**PROBLEM TO SOLVE**: For this exercise, copy exactly the lines below from the one with "Halterneck bikini set" through the one with "GraphicRiver Photography Studio" and leave out the pictures.

**DATASET EXCERPTS**:
──────────
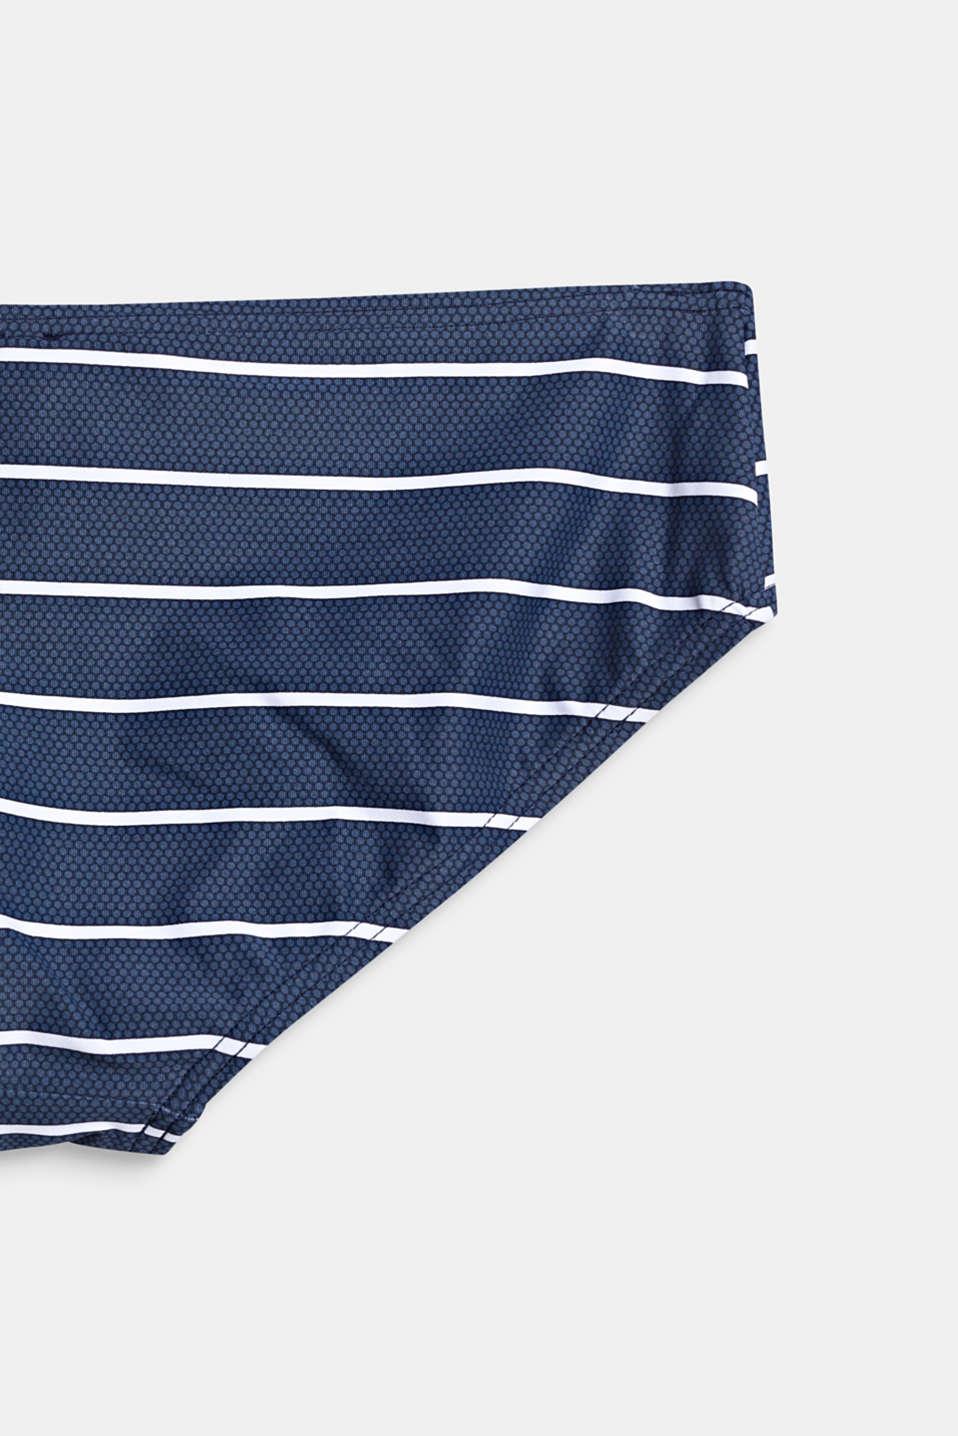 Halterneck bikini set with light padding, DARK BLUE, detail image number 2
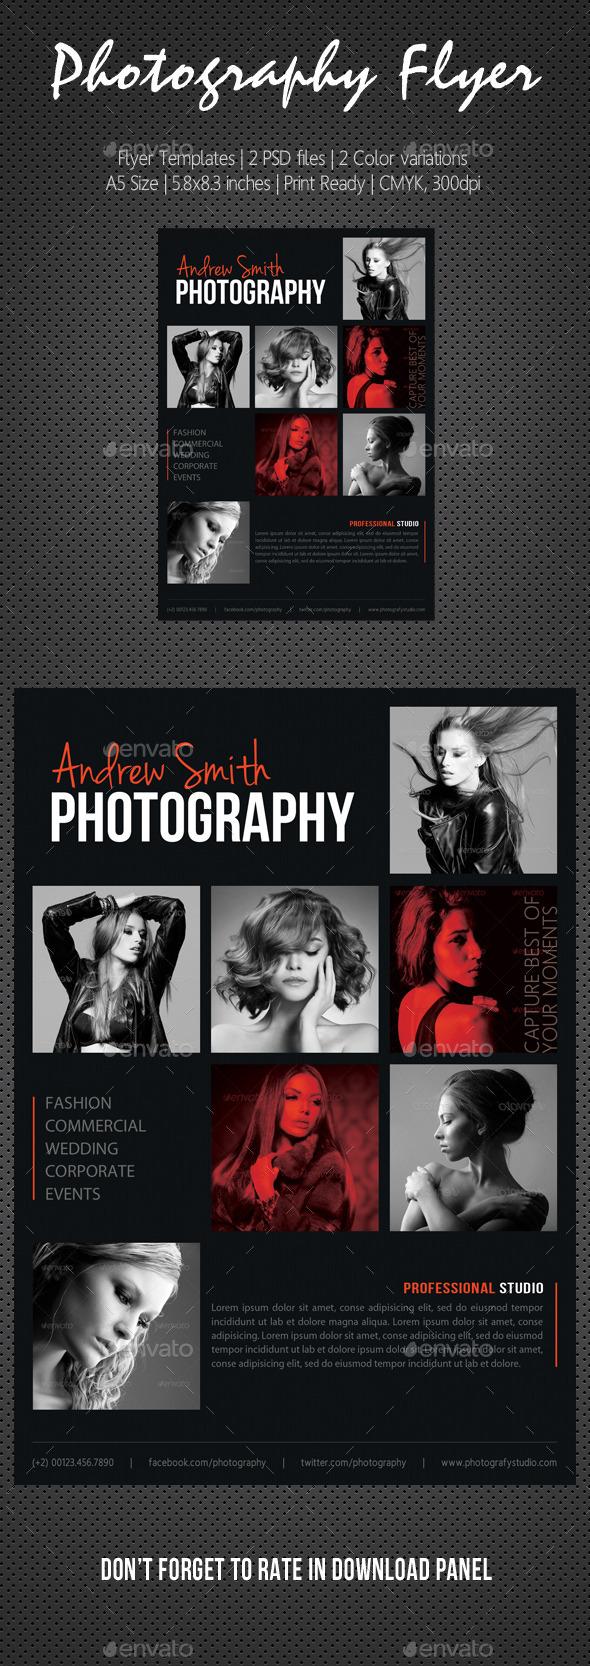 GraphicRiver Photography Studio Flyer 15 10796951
──────────
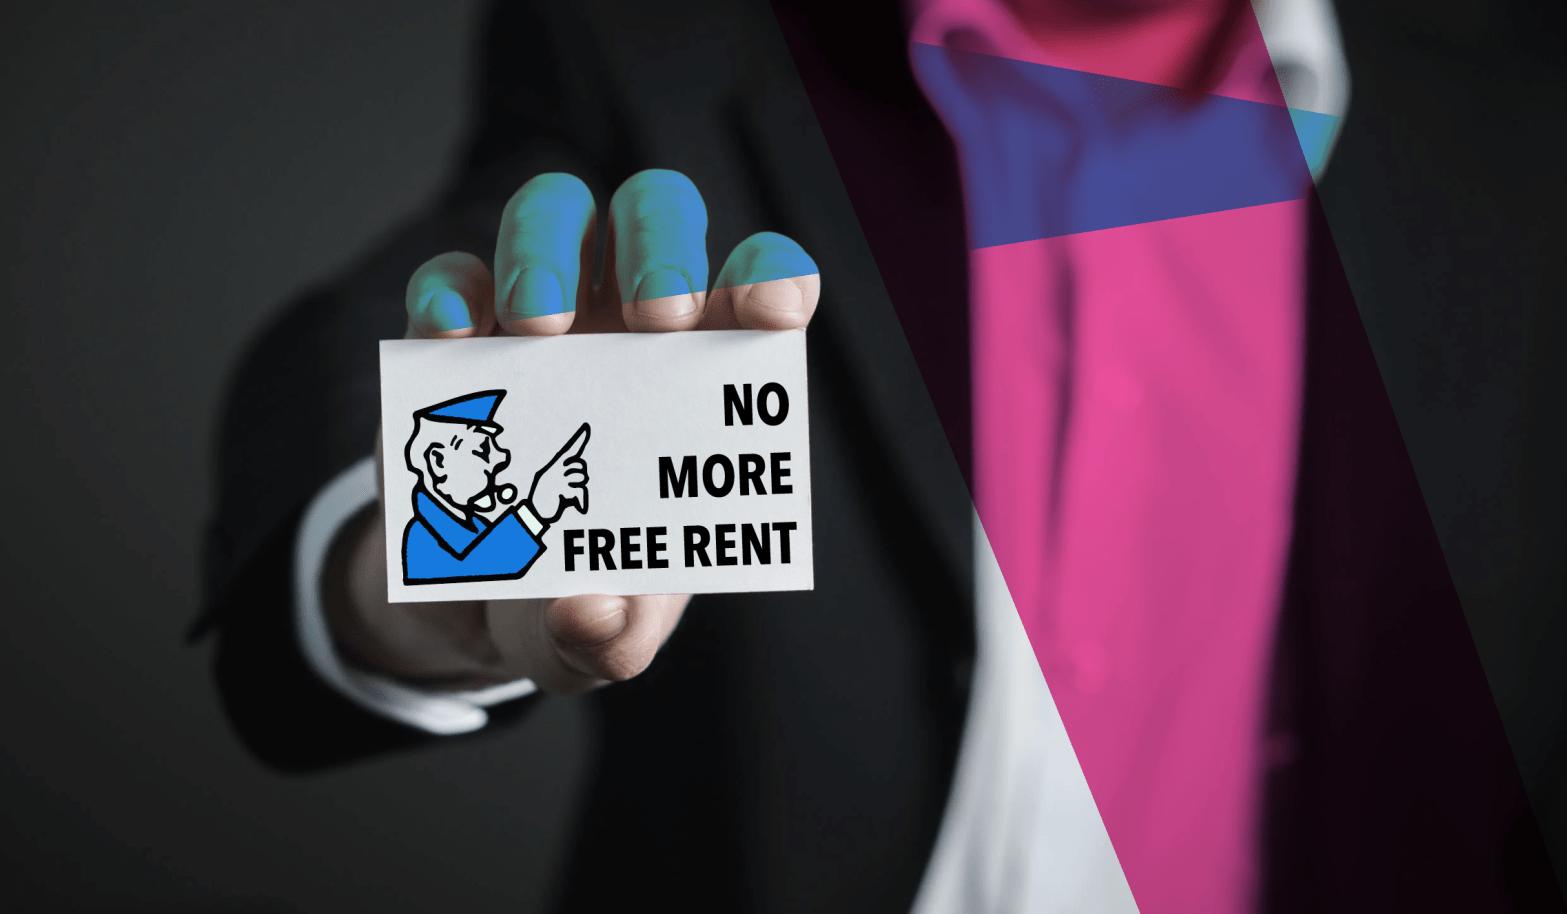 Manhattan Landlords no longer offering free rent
──────────
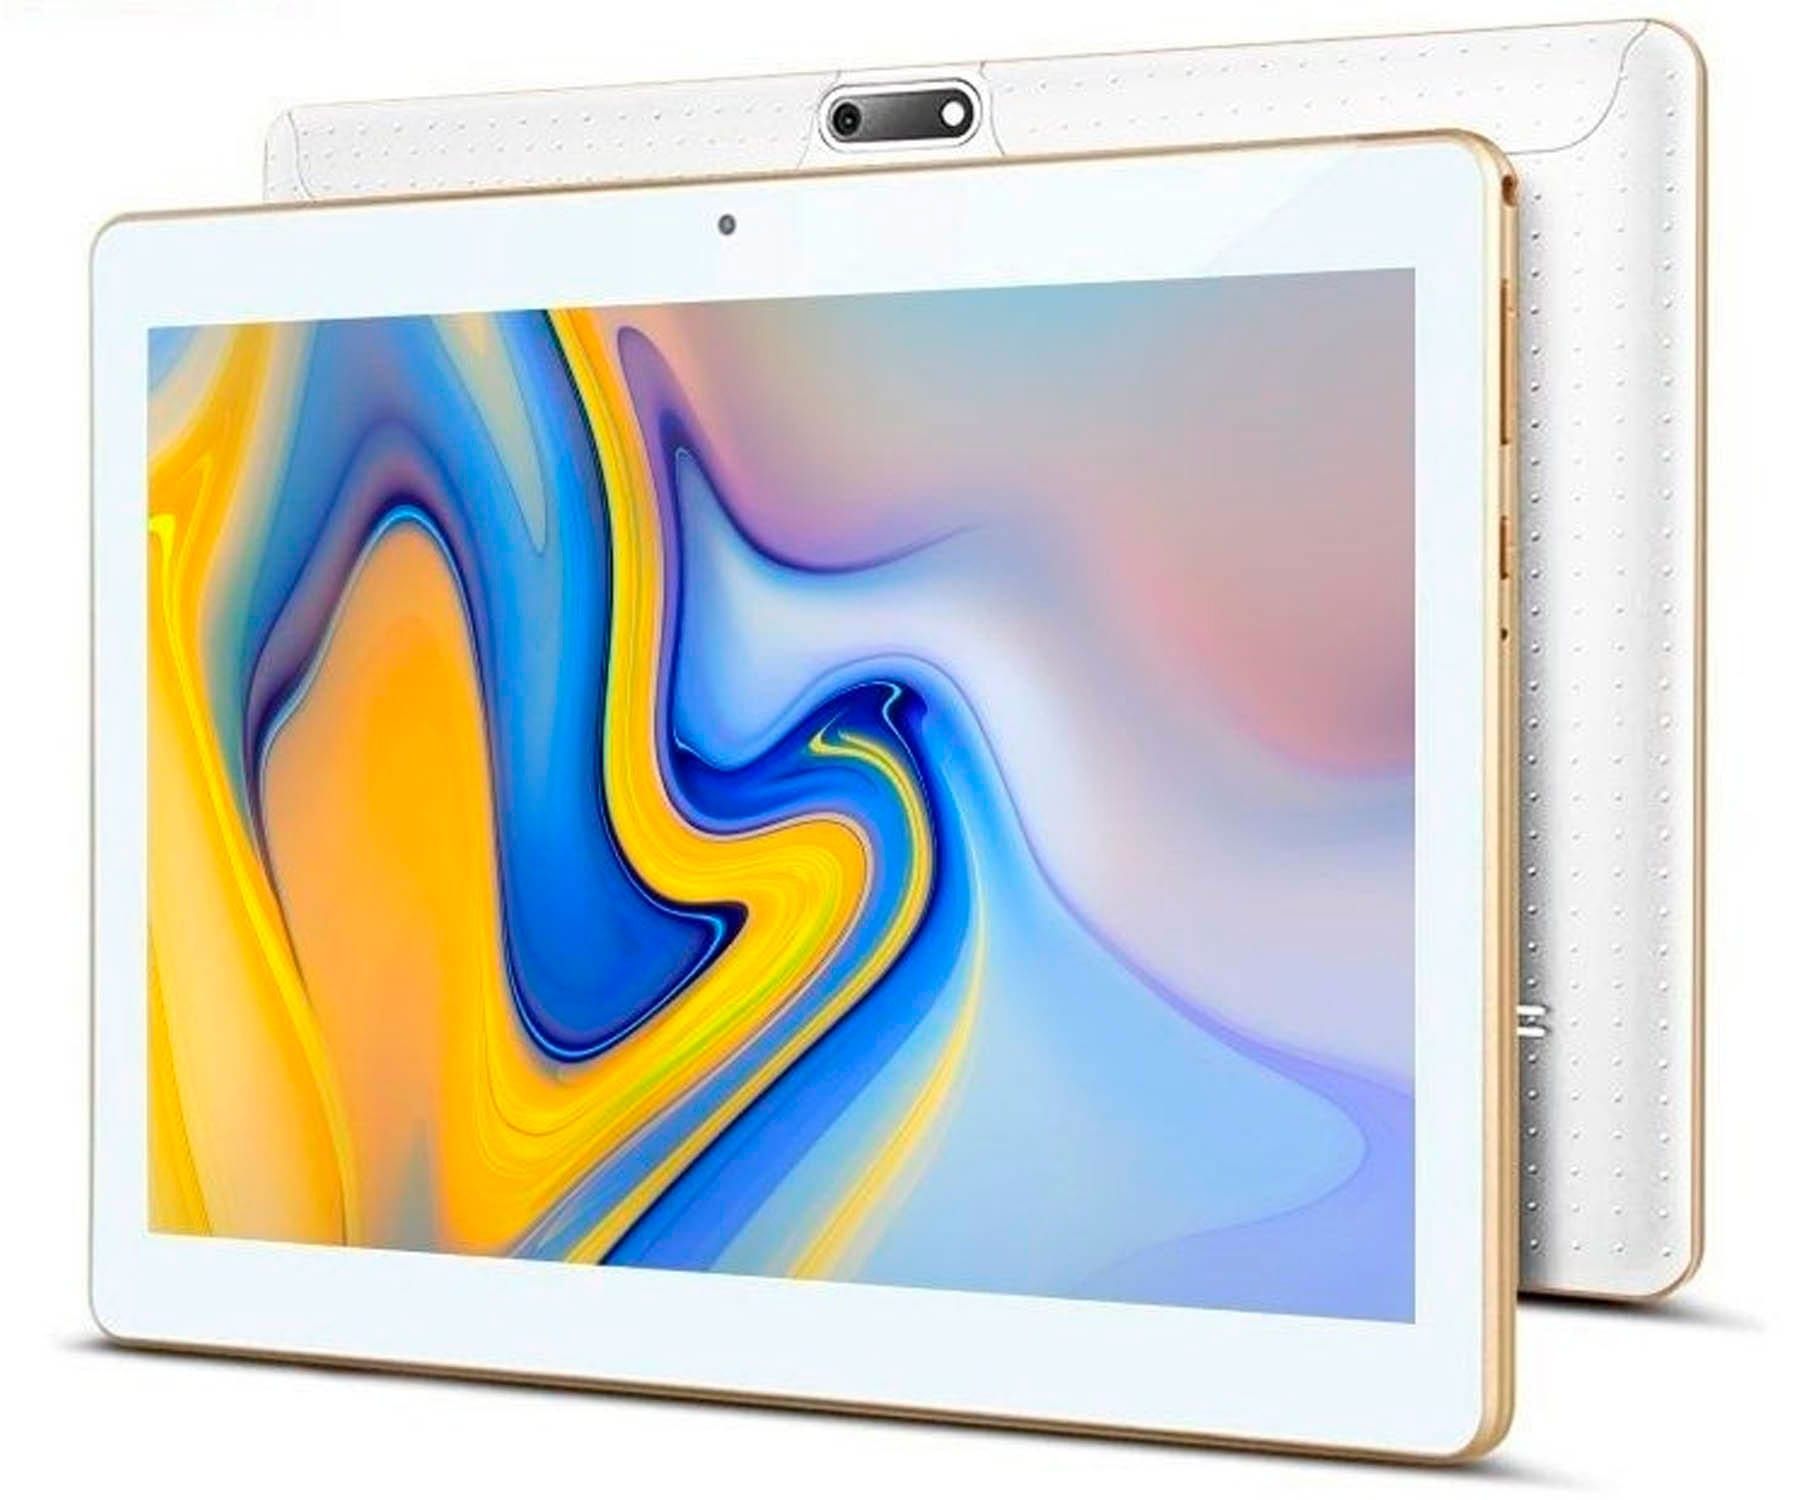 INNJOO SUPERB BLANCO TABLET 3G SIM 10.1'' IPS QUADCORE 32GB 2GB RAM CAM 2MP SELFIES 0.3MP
──────────
**SOLVED EXERCISE**:
 Halterneck bikini set with light padding, DARK BLUE, detail image number 2
 GraphicRiver Photography Studio Flyer 15 10796951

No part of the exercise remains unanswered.